Never had anyone close to me die before and I am so upset, we had only chatted at a show in the summer and said about getting together very soon


----------



## Archangel (18 February 2012)

Poor girl and so young.


----------



## Haniki (18 February 2012)

What a tragic accident. Condolences to her family and friends.


----------



## Madam_max (18 February 2012)

How very very sad.


----------



## BlizzardBudd (18 February 2012)

my thoughts go out to her friends and family. RIP


----------



## aregona (21 February 2012)

Poor girl, my thoughts go to all concerned. Scary to think she was only 2 years older than me  makes you think though guys...life can be short so always enjoy and hug your horses everyday x


----------



## mon (21 February 2012)

Also hope that the horse goes on to have a good future.


----------



## ILuvCowparsely (21 February 2012)

I am afraid horses are stupid and potentially violent in the worst cases. Even professional jockeys cannot trust them. Always be careful if you go out riding. I see them on the road and slow down to 10 miles an hour. Sorry, but I do not think they should be on the road in the first place. I have seen them go mad at Towcester races. They are not pets. They are often wild animals.
		
Click to expand...


 what a complete and utter D1ckh3ad  go back into the whole you crawl out of

 Thats what i would say


----------



## 0310Star (23 February 2012)

I am afraid horses are stupid and potentially violent in the worst cases. Even professional jockeys cannot trust them. Always be careful if you go out riding. I see them on the road and slow down to 10 miles an hour. Sorry, but I do not think they should be on the road in the first place. I have seen them go mad at Towcester races. They are not pets. They are often wild animals.

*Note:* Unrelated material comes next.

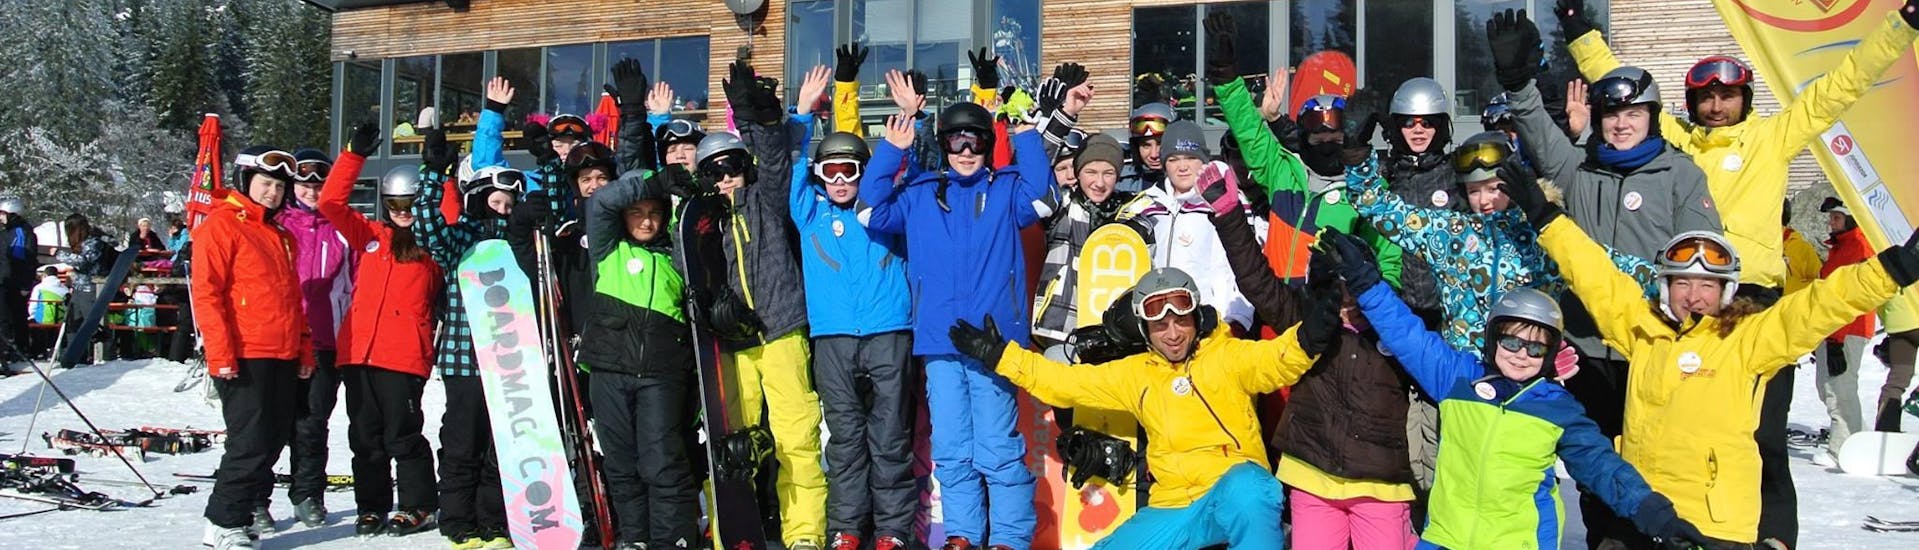 Un grupo de snowboarders pasándoselo bien después de sus clases de snowboard con Schneesportschule ON SNOW Feldberg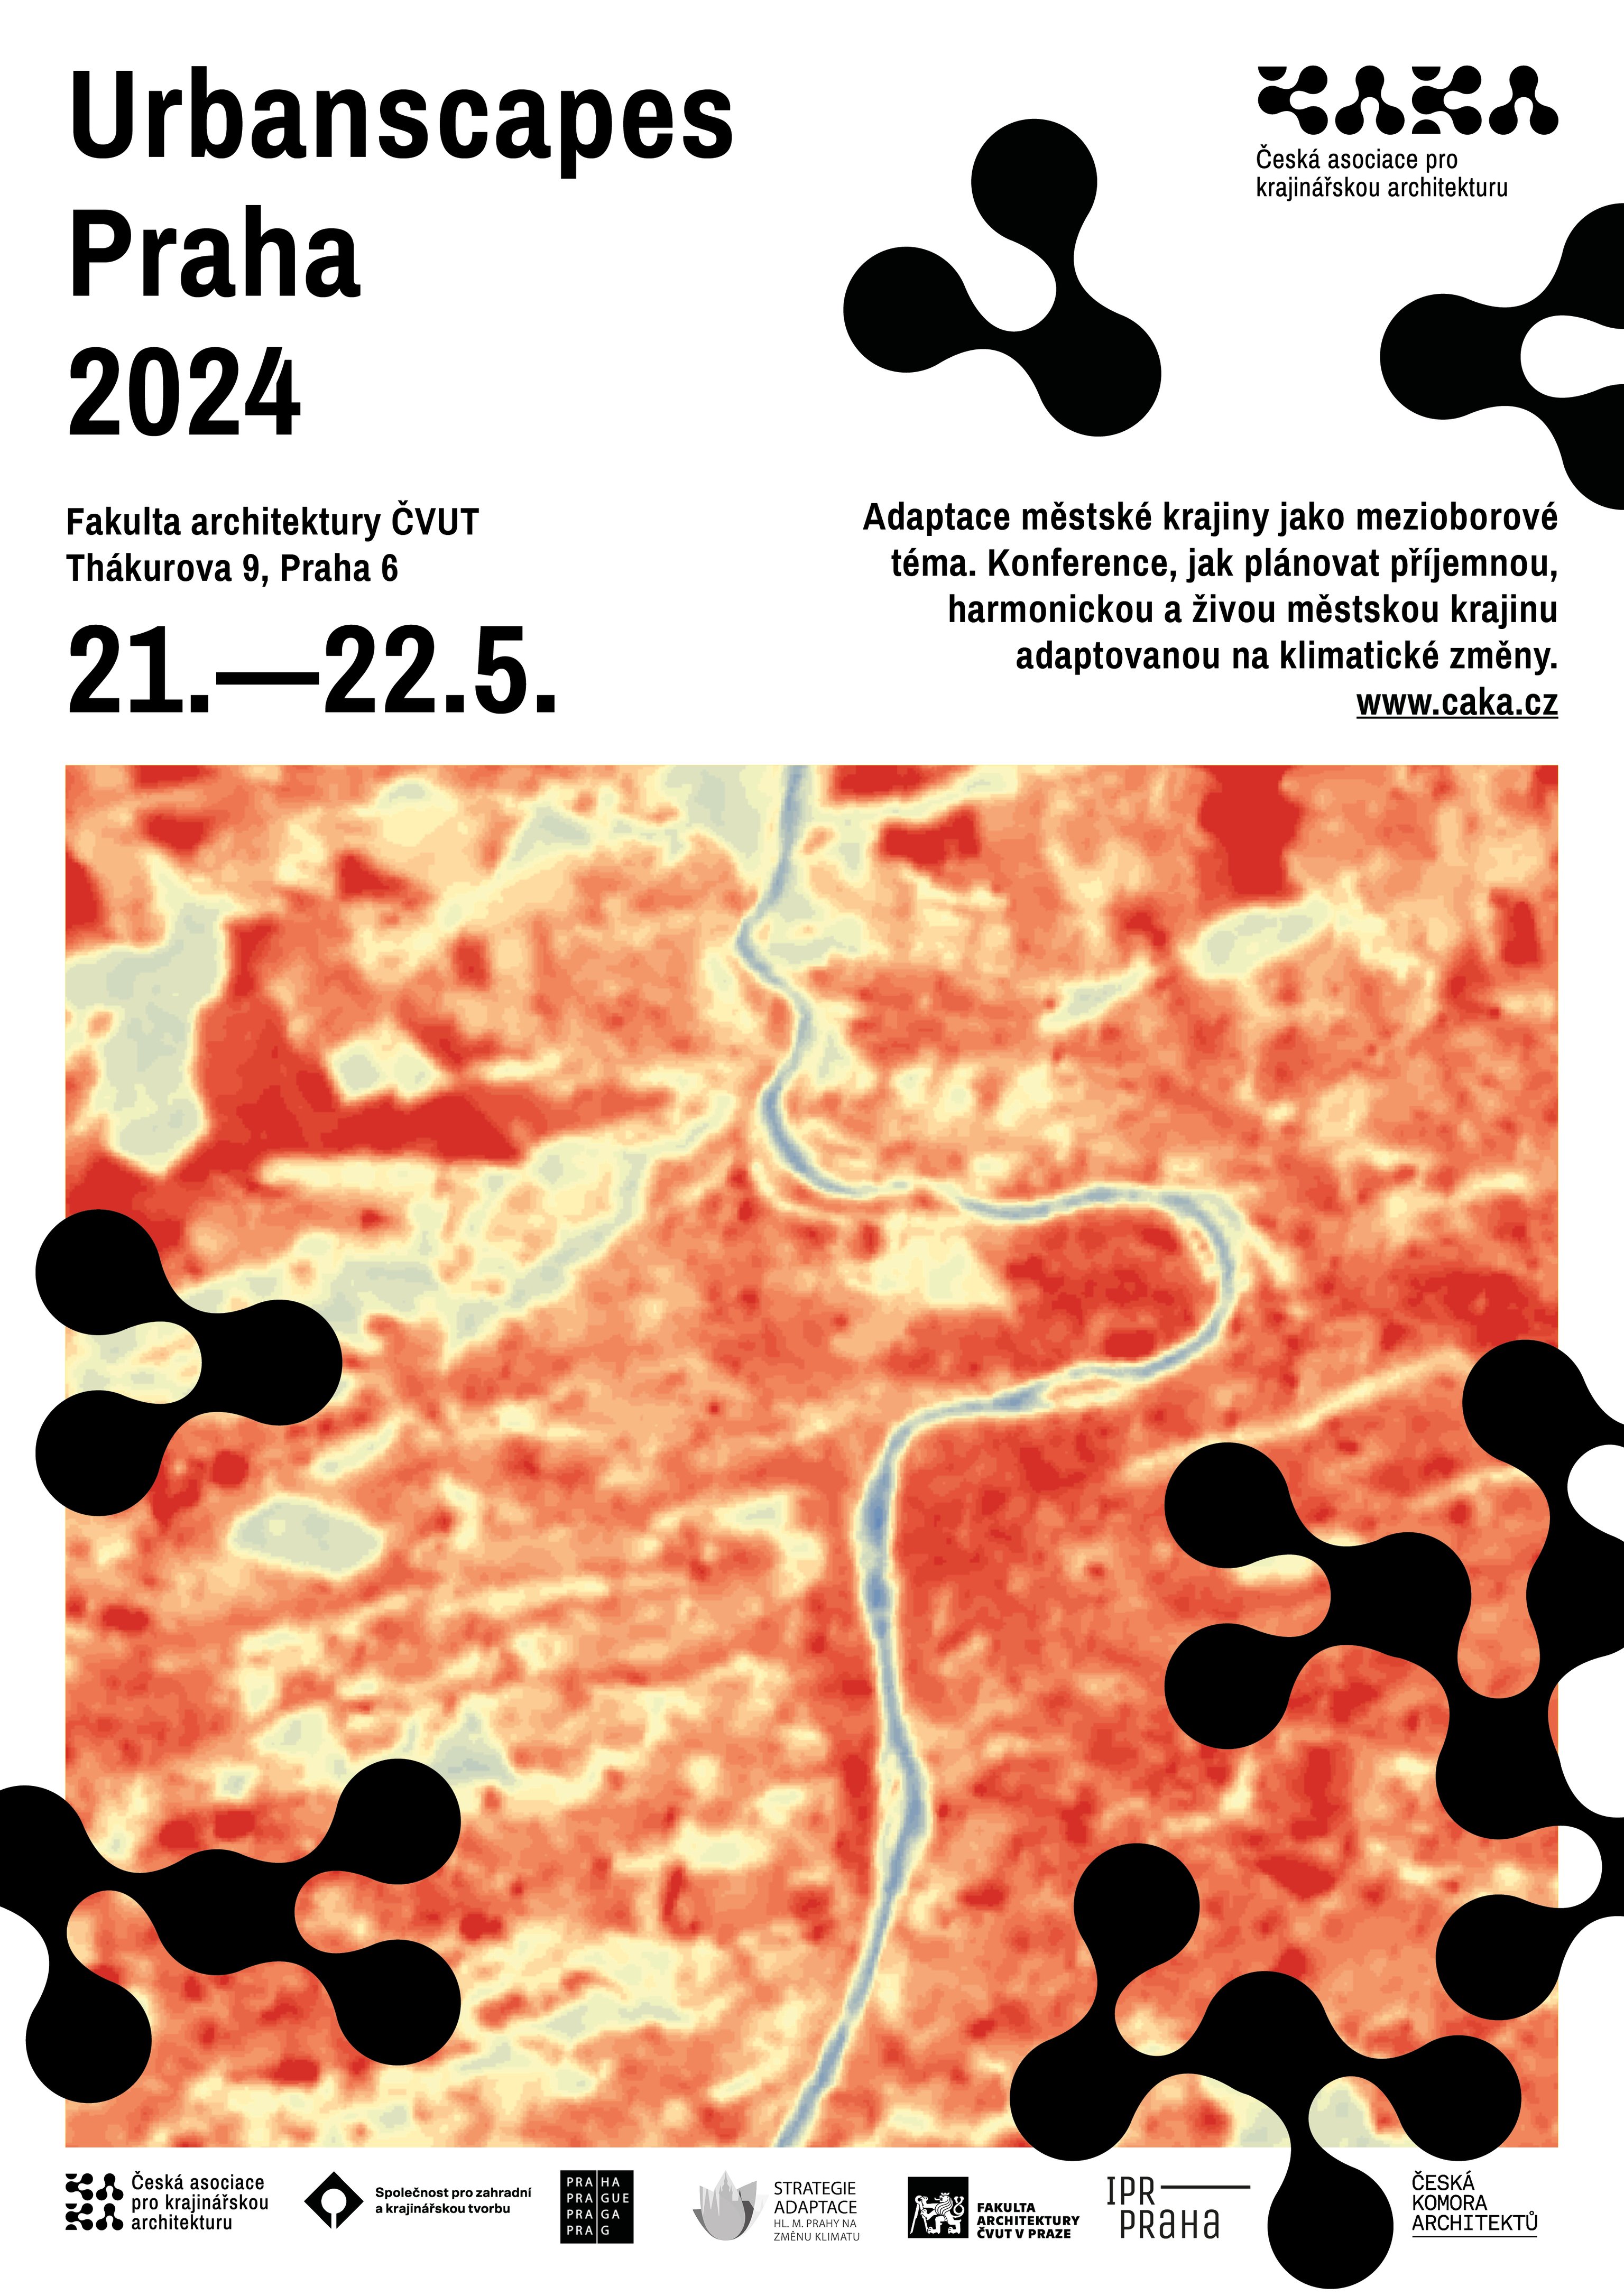 Urbanscapes Praha 2024, Adaptace městské krajiny jako mezioborové téma

I am sorry but horses were around a long time before cars!!! I hate it when people have this kind of attitude towards riders on the road! 
I would personally say motor bikes are just as, if not more, dangerous!!! But people dont seem to think they should be off the roads?!?

RIP, thoughts are with family and friends and the poor horse who has lost its owner  x


----------



## Cadburys_addict (24 February 2012)

I feel so sorry for the lady involved and her family and friends.....such a sad accident......


----------